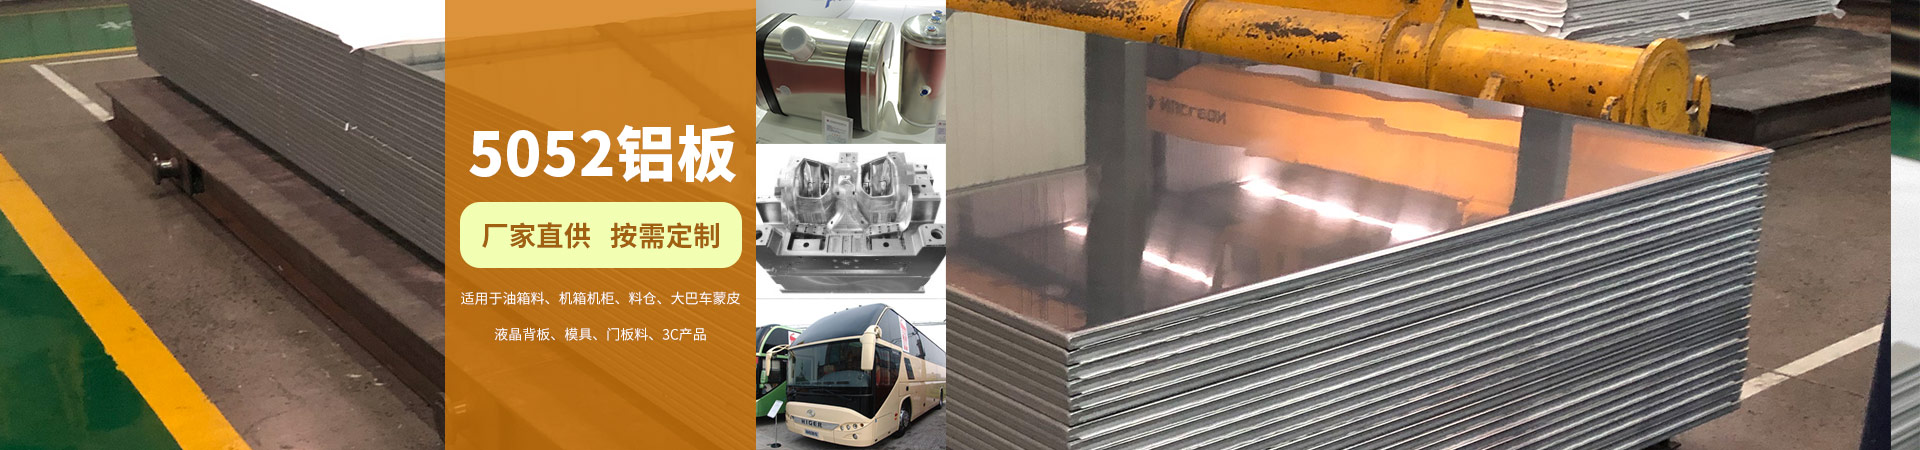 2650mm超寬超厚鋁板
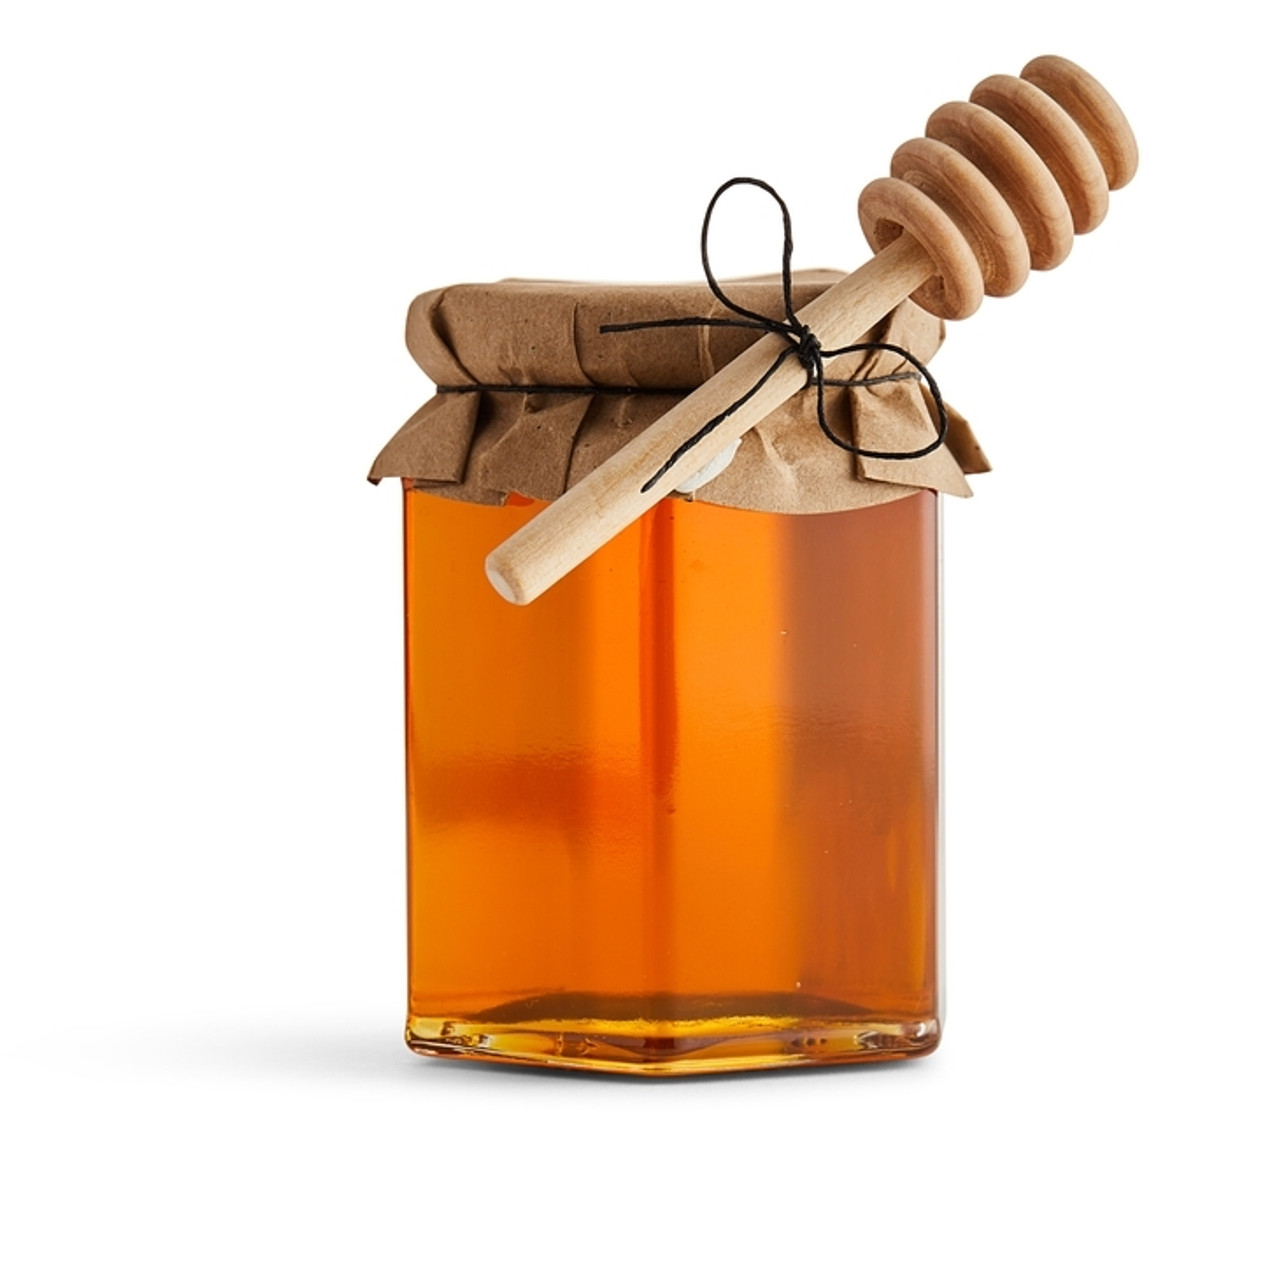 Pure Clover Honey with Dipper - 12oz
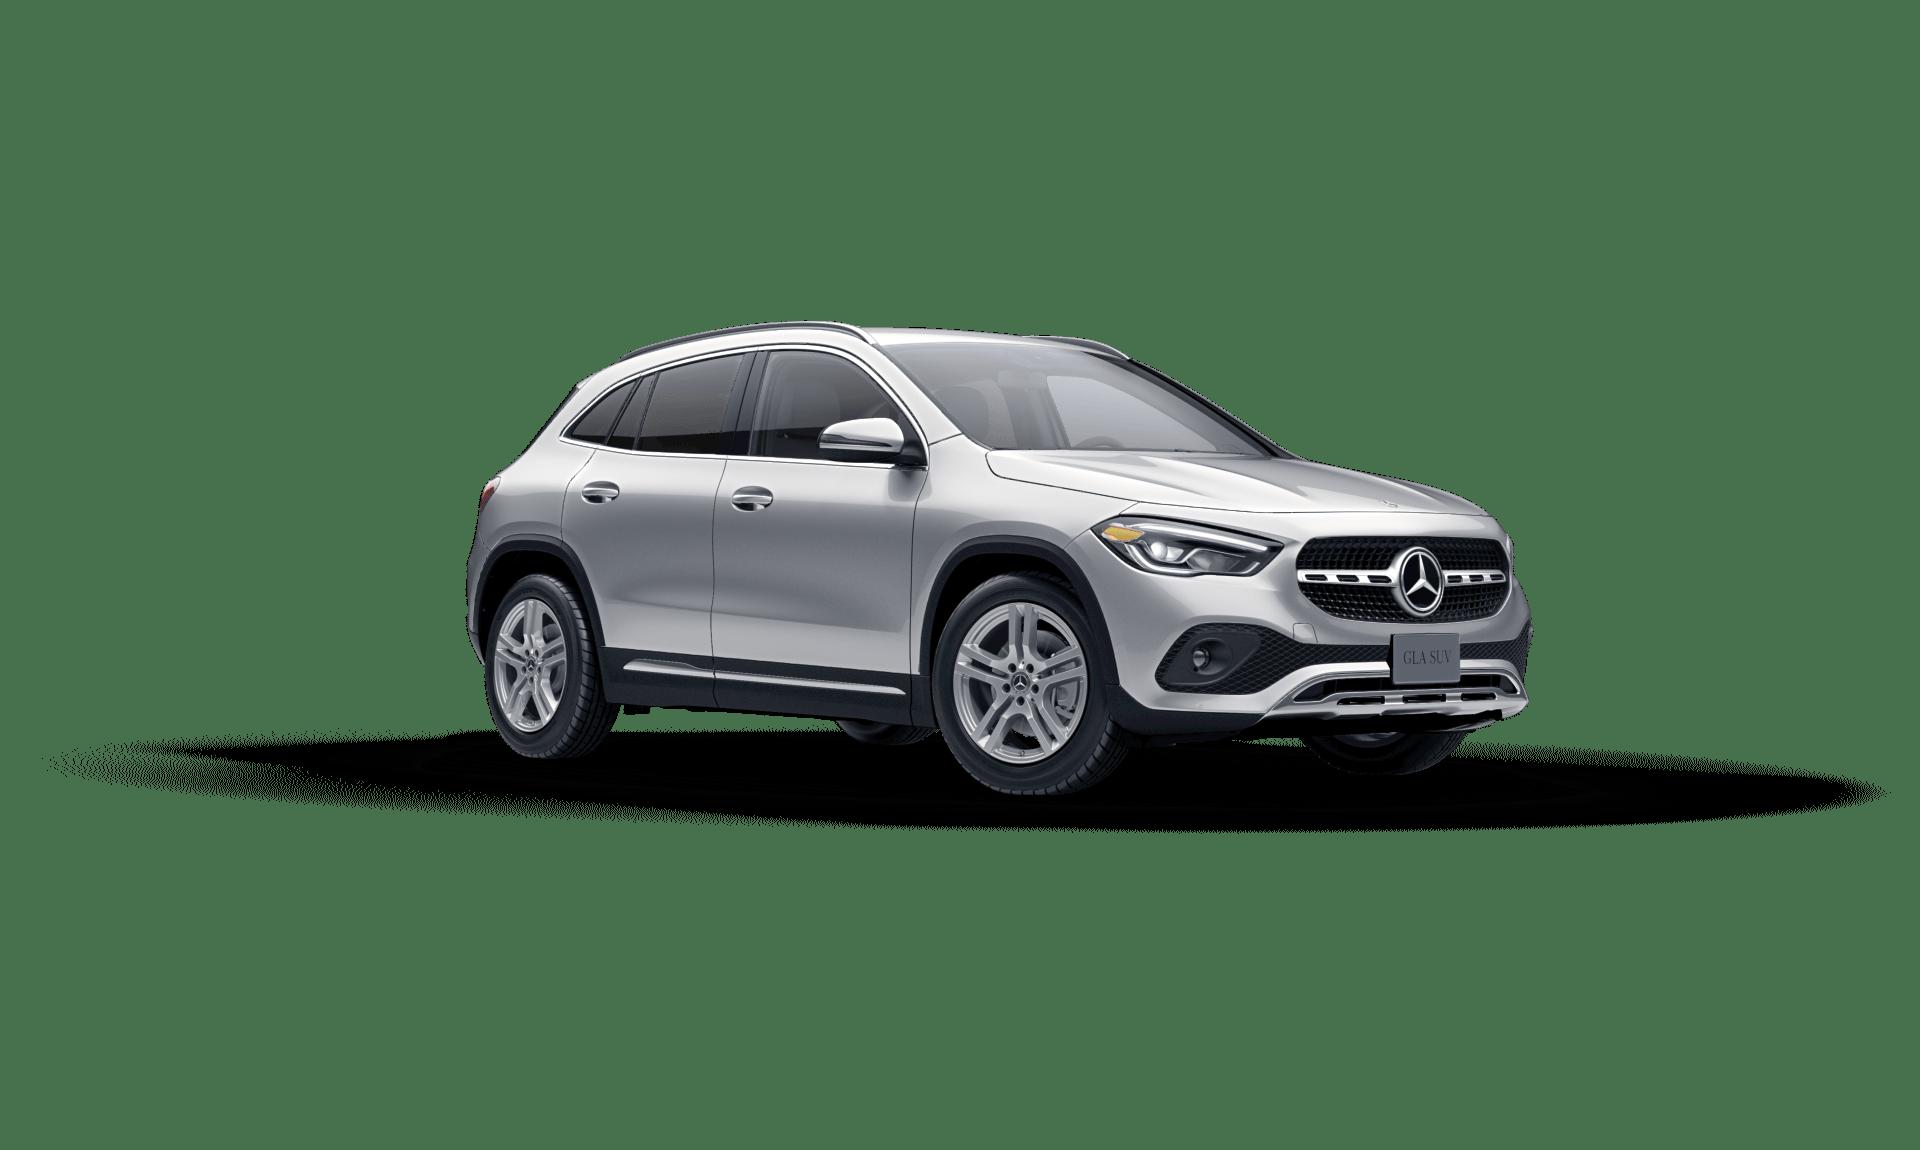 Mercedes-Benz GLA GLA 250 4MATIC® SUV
..............................
* **What is needed**: The entire listing above, word for word and without pictures, is what should be output.

* **The answer**:
 2650mm超寬超厚鋁板
 Pure Clover Honey with Dipper - 12oz
 Mercedes-Benz GLA GLA 250 4MATIC® SUV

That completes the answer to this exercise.